The Commissary's eye brightened. Here at last was something, and something good. Rapidly he made his plans. He would start in twenty minutes with six men; he would advise Toussaint by telephone to meet him at the château with six more. The case would prove, perhaps, vastly important. He saw decorations and Paris employment; he read in imagination columns of praise in the great papers of the capital. Quitting unwillingly the realm of ambitious fancy, he took up the telephone, but before he could speak there came a sharp knock at the door, and a gendarme stood awaiting permission to address his superior.

"What is it?" demanded M. Lesueur.

"A tramp, sir," replied the gendarme.

"God in heaven, man! What do I care for a tramp? Is this a workhouse? Send him away and go after him!"

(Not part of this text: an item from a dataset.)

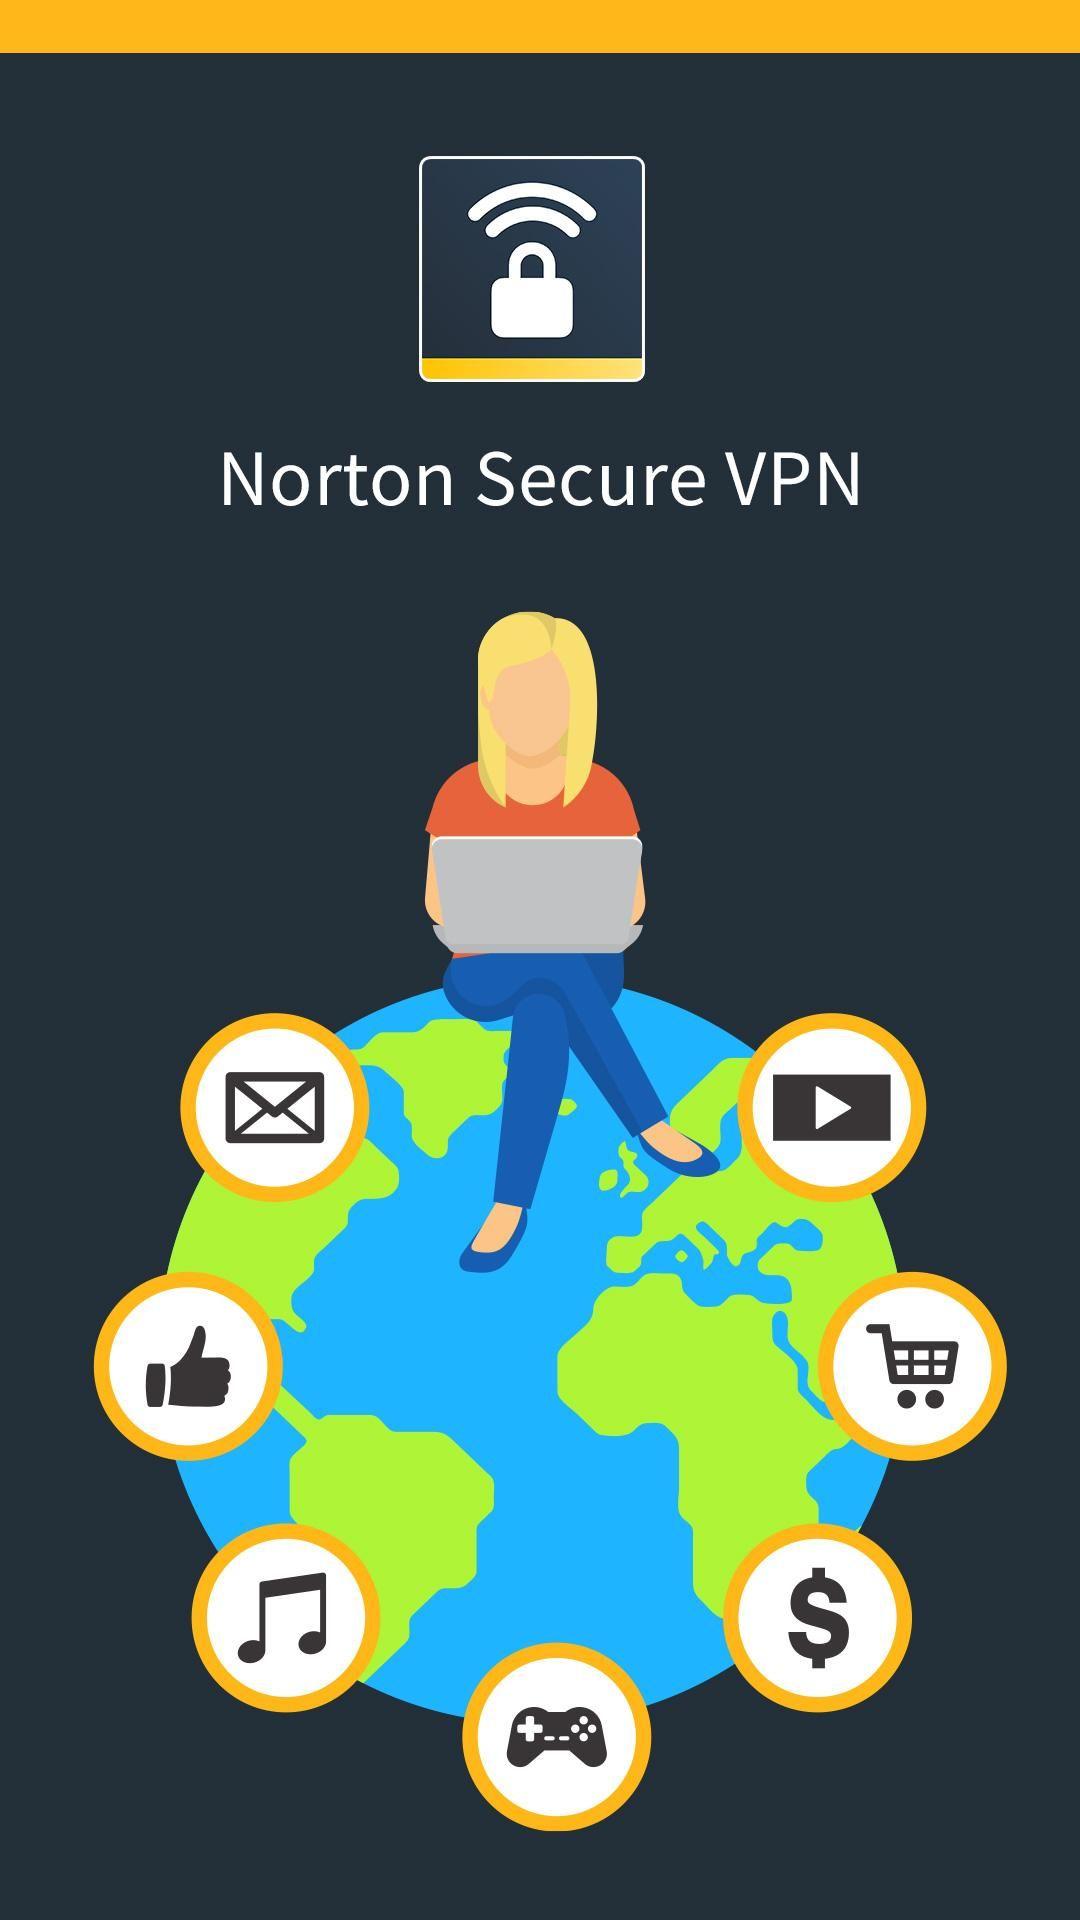 ba19904ca6f5c7fcb7d6add719841452 - How To Use Secure Vpn App

"He has found two Englishmen in a dungeon," observed the gendarme with wooden persistence.

"Let him join them!" snapped M. Lesueur, angrily. Then the next moment, "What do you say? Englishmen? Where? What dungeon?"

"He asks leave to make his deposition, sir. He is not an ordinary tramp."

For a moment the commissary hesitated. The memory of those words interpolated in the third of the mysterious stories checked his impatience. Never neglect possible information.

"Bring him in," he said shortly, and replaced the telephone receiver that, all this while and to the intense irritation of the exchange, he had held vaguely in his hand.

There was ushered in a lean, scarecrow figure at whose heels (despite scuffling protests from the gendarme without) limped a black, untidy dog. The tramp bowed and began at once to speak in the slow correct French of a well-educated foreigner. He told of a dusty road along which he had toiled; of a coppice and its tempting shade; of the drowsiness of afternoon; of dream voices that were not, after all, of dream; of a mound with a mysterious grating; of a subterranean cavern and its two unusual and impatient prisoners. M. Lesueur listened in silence. The story done, he took up the telephone once again. While waiting for his connection, he addressed the senior gendarme of those present in the room.

"I want the two fastest cars brought round immediately. This fellow shall take us to his mound and we will see how far he is lying and how far telling us the truth. We will then proceed to the Château de la Hourmerie. Six men will be required to accompany me. Make your selection----'allô! 'allô!---- Toussaint?---- Is that you, Toussaint?"

And he outlined with curt efficiency the instructions laid down for his subordinate.

"In an hour," he concluded, "we meet at the Château de la Hourmerie. One hour, mind you! One hour from now." Smartly and with finality he hung up the receiver.

The Commissary was already struggling into his dust coat when there came yet a second interruption. The sound of many agitated feet in the outer office prepared the occupants of M. Lesueur's private room for threatened but not for actual invasion of their retired sanctuary. Wherefore they regarded with speechless amazement the tempestuous entry of two elegantly gowned women, one clutching the other firmly by the arm, while in close and uncomfortable attendance followed two men, one tall, white-whiskered, and conspicuous in a buff alpaca suit, the other short, stout, and shining with the sweat-drops of embarrassment.